男勝りでクール、少しばかりの破天荒さも持ち合わせる。そんな真木よう子(36)のイメージは、あくまで彼女の一面でしかないのかもしれない。7月期の日本テレビ系ドラマ「ボイス 110緊急指令室」(土曜午後10時)で、母性的な強さを秘める女性警察官の役に出会い、「自分が分からなくなった」と包み隠さず語る。女優と呼ばれることを嫌う役者の顔、長女について屈託のない笑顔で話す母の顔。真木よう子は何面体の役者なのだろうか。

★今も手探り

見慣れない制服姿が少しだけ、初々しい。「SP」「MOZU」などの私服刑事役の印象が強い真木だが、今回は超人的な聴力を武器に、緊急指令室に届いた被害者や通報者の声から事件を判別する警察官役だ。

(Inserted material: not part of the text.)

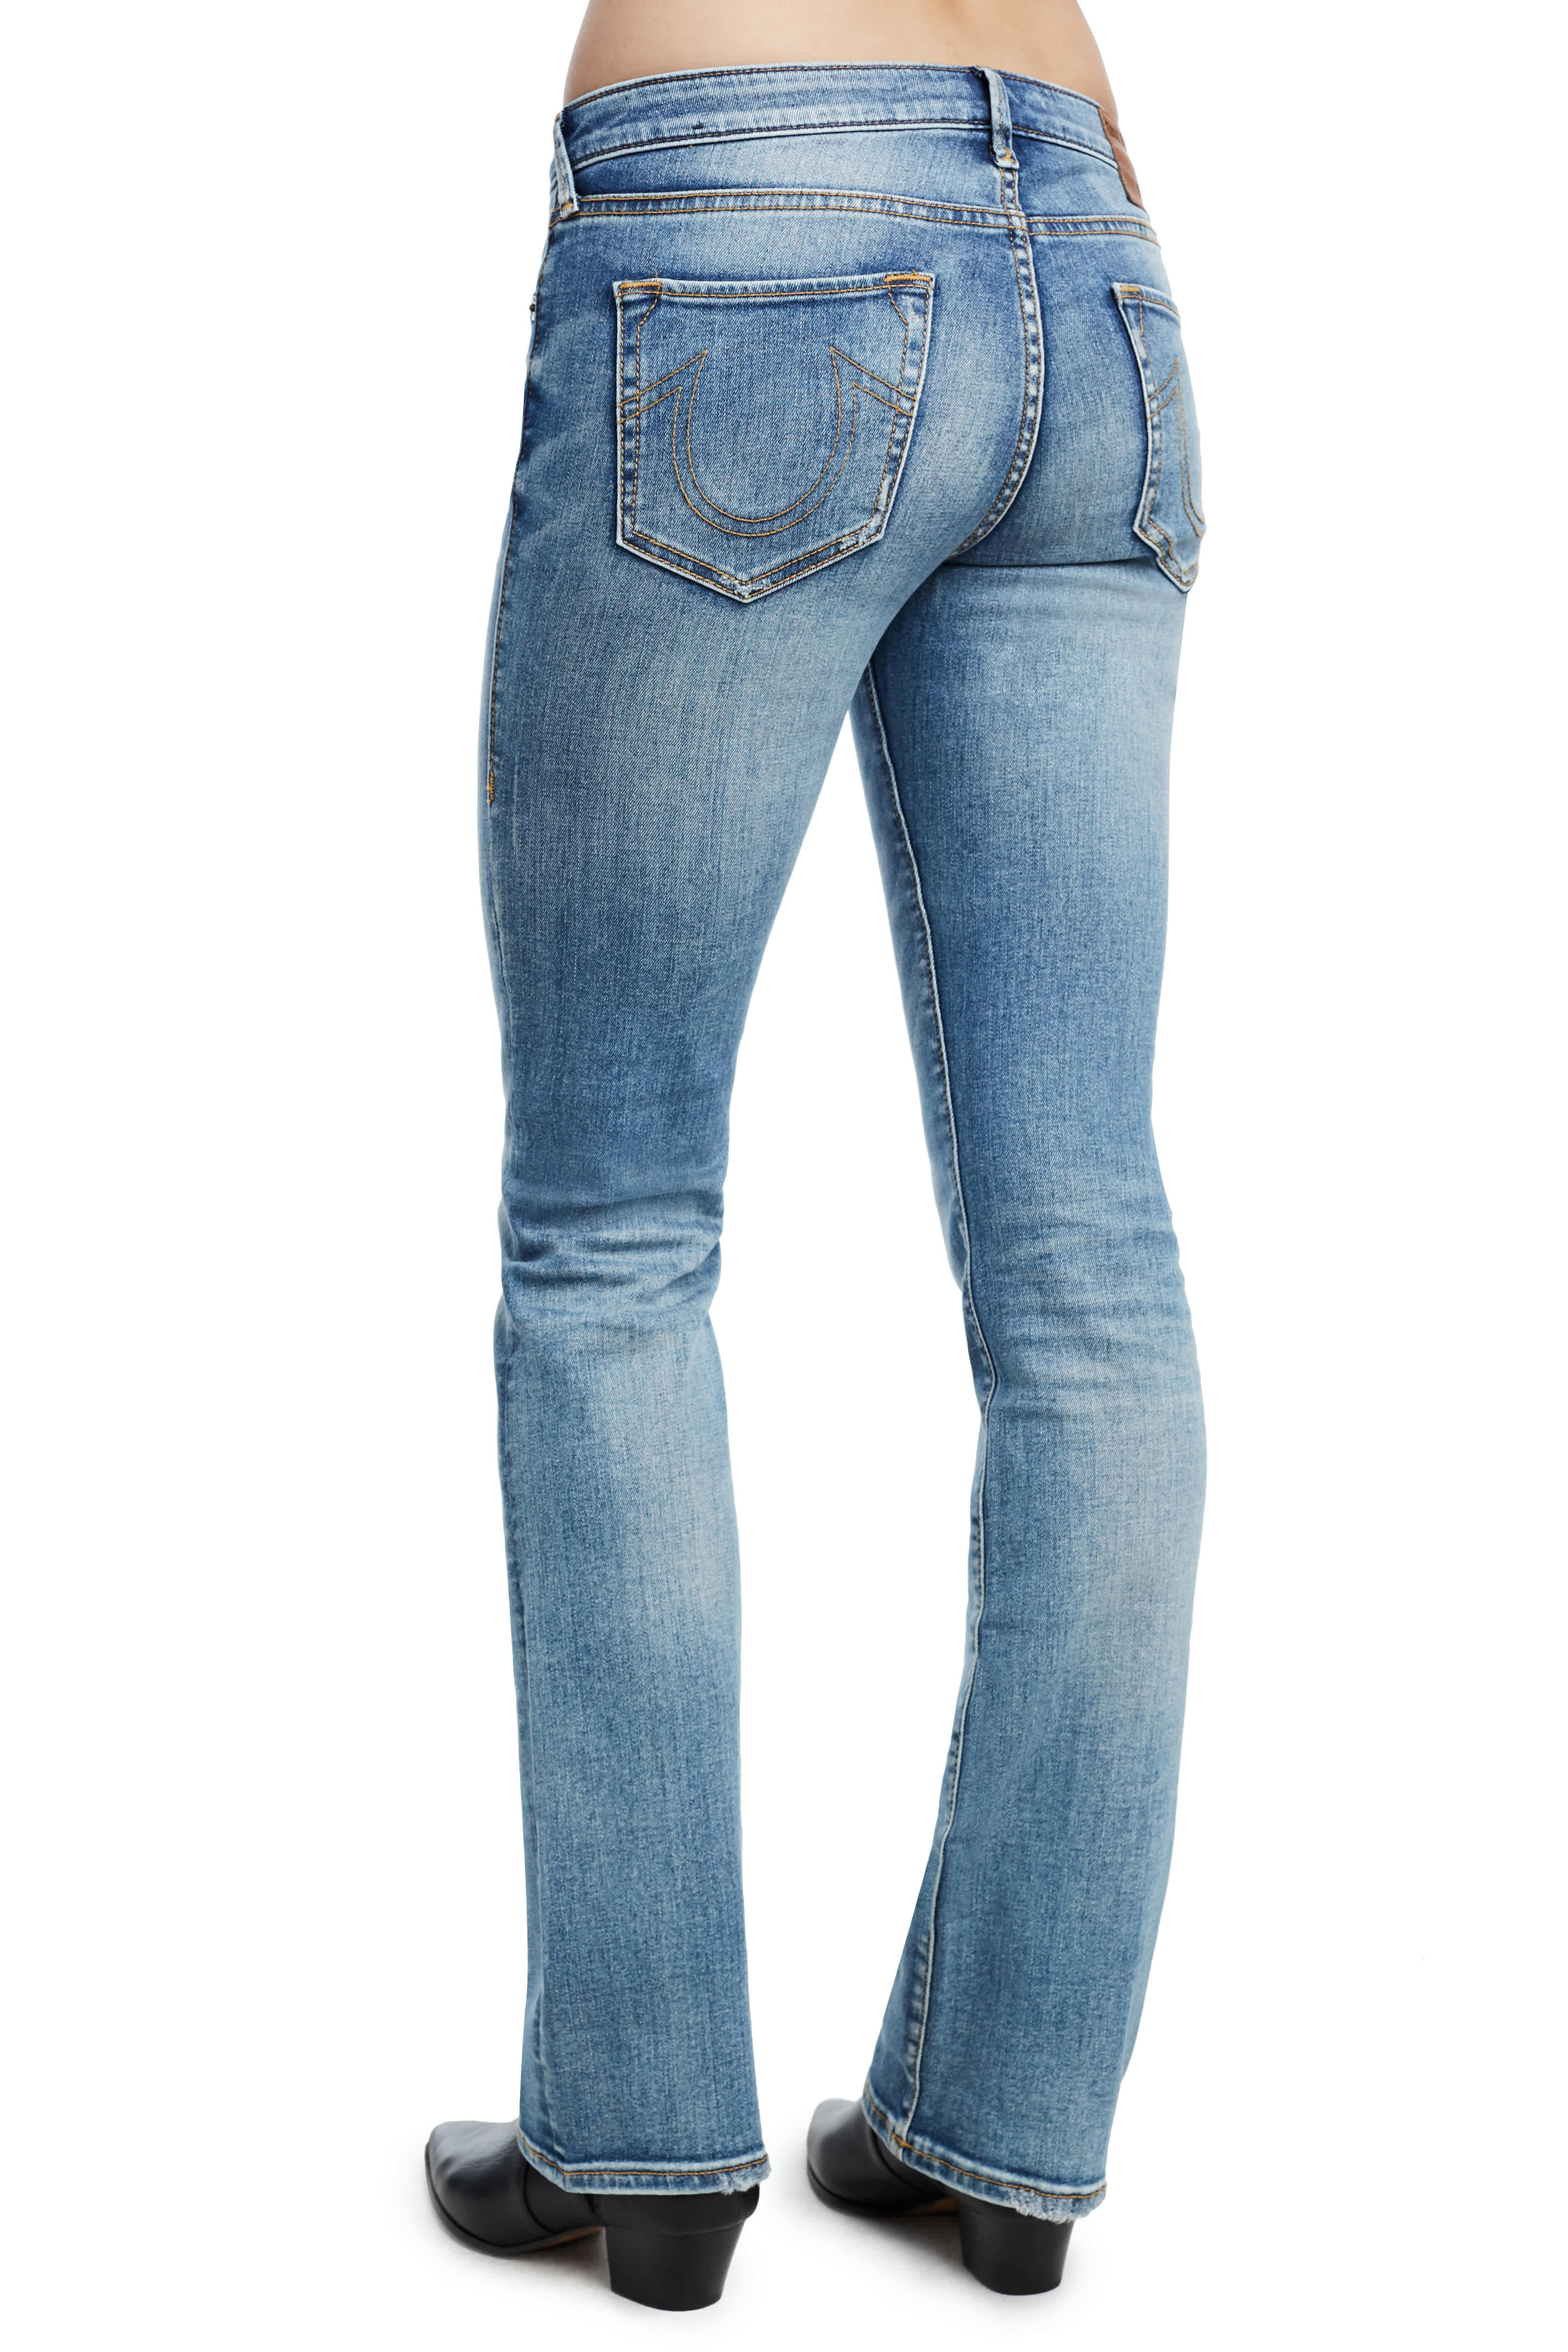 BECCA EXPOSED BUTTON BOOTCUT WOMENS JEAN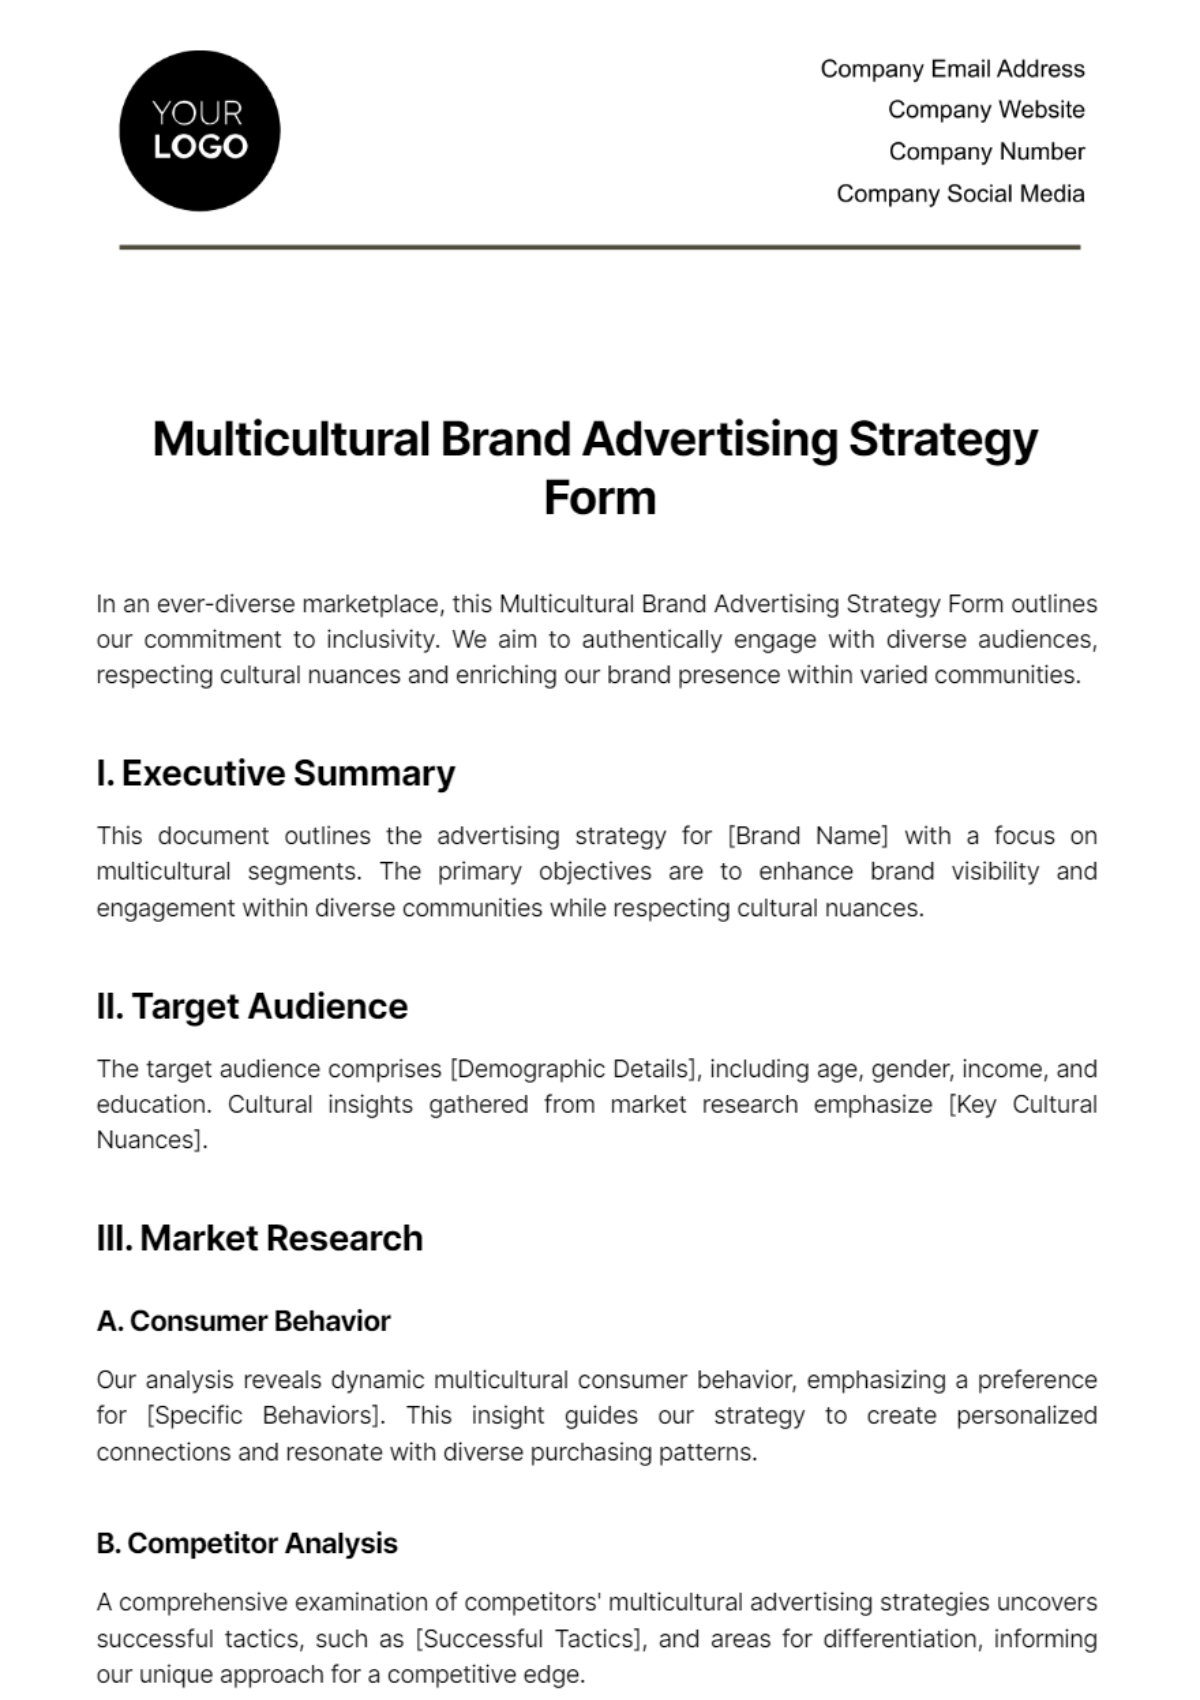 Free Multicultural Brand Advertising Strategy Form Template

「今までは男だらけの公安とかに入ってもできないことはないような、武力的にも人間的にも男っぽい役が多かった。今回の橘ひかりはすごく心の優しい女性で、目の前の被害者を救うこと、尊い命を亡くさないことが一番大切、と分かっている。新しい強い女性像、今まで演じたことがない役なので、今も手探り状態で演じています」

手探り、という少し弱気な言葉が出た。

「いざカメラの前に立って急にスイッチが切り替わるような器用なタイプではない。意識的に、演じる役をずっと中にいさせるようにはします。考え方が似ていたり、自分もこういう行動するな、という役だったら、そこまで考え抜いたりしないかもしれないけど。(ひかりの設定の)近親者を亡くしたことが私はないので、そういうところから考えていかなければならないですし」

自らのイメージについては、冷静に俯瞰(ふかん)している。

「パブリックイメージはそうだと思います。凜(りん)としていてクールで強い、自立している女性と思われていると思います。それはおそらく、ものすごく間違っているということでもないと思います。そういう役が来るということは。だけど、橘ひかりに出会って、ここまで自分が強くなれるのか、ここまで人に寄り添えるのかと考えたときに、ちょっとだけおびえたんですよね、自分に」

生まれた迷い。そして、それを隠そうとしない。

「本当の自分というのは、役者なんで実はちょっとよく分からないんですよ。いろんな役を行ったり来たりしているので。休みの日はボーッとしているだけだったりする(笑い)。どんな役が来ても引き出しが出せるように、無意識のうちに『自分はこうだ』と決めつけないでいるのかも」

イメージ通り“強い”時期もあったと回想する。

「自分はこうなんですって前はきちんと言えてたんですけど。なんか1周回って、自分のことよく分からないな、みたいな。ふふふ。あれ、おかしいな、橘ひかりのせいかな、と最近思ったりしてます」

★芝居ごっこ

真木は役者を意識した時期を明確に覚えている。

「小学校2年生ですね。ジブリの『魔女の宅急便』とか、アニメのセリフを全部覚えて、ひとりでお芝居ごっこするのが好きだった。その後、安達祐実さんが『家なき子』(94年)でブレークして。自分と同じくらいの世代の女の子がテレビや映画で活躍して、女優さんという仕事があるのを知って。『家なき子』も毎週見てセリフ覚えて、友達とごっこをやってました」

小中学生らしからぬ、強い信念が芽生えた。

「みんなが『将来何になりたいか分からない』と言ってる気持ちが逆に分からなかった。自信があったかと言われたら分からないんですけど、若いからあったんでしょうね、私にはこれしかない、みたいな」

★仲代達矢と口論

中学卒業後、演技の道を家族に相談。母は背中を押したが、父は反対した。

「でも、たぶんそれが普通なんじゃないですかね。娘が高校行かずお芝居の道へ行きたい、と言ったら『高校だけは卒業してくれ』と。それが父親として言うべきこと、願いですよね」

無名塾の門をたたくが、主宰の仲代達矢と行き違いから口論し、退塾。そんな武勇伝も、ひとつやふたつではない。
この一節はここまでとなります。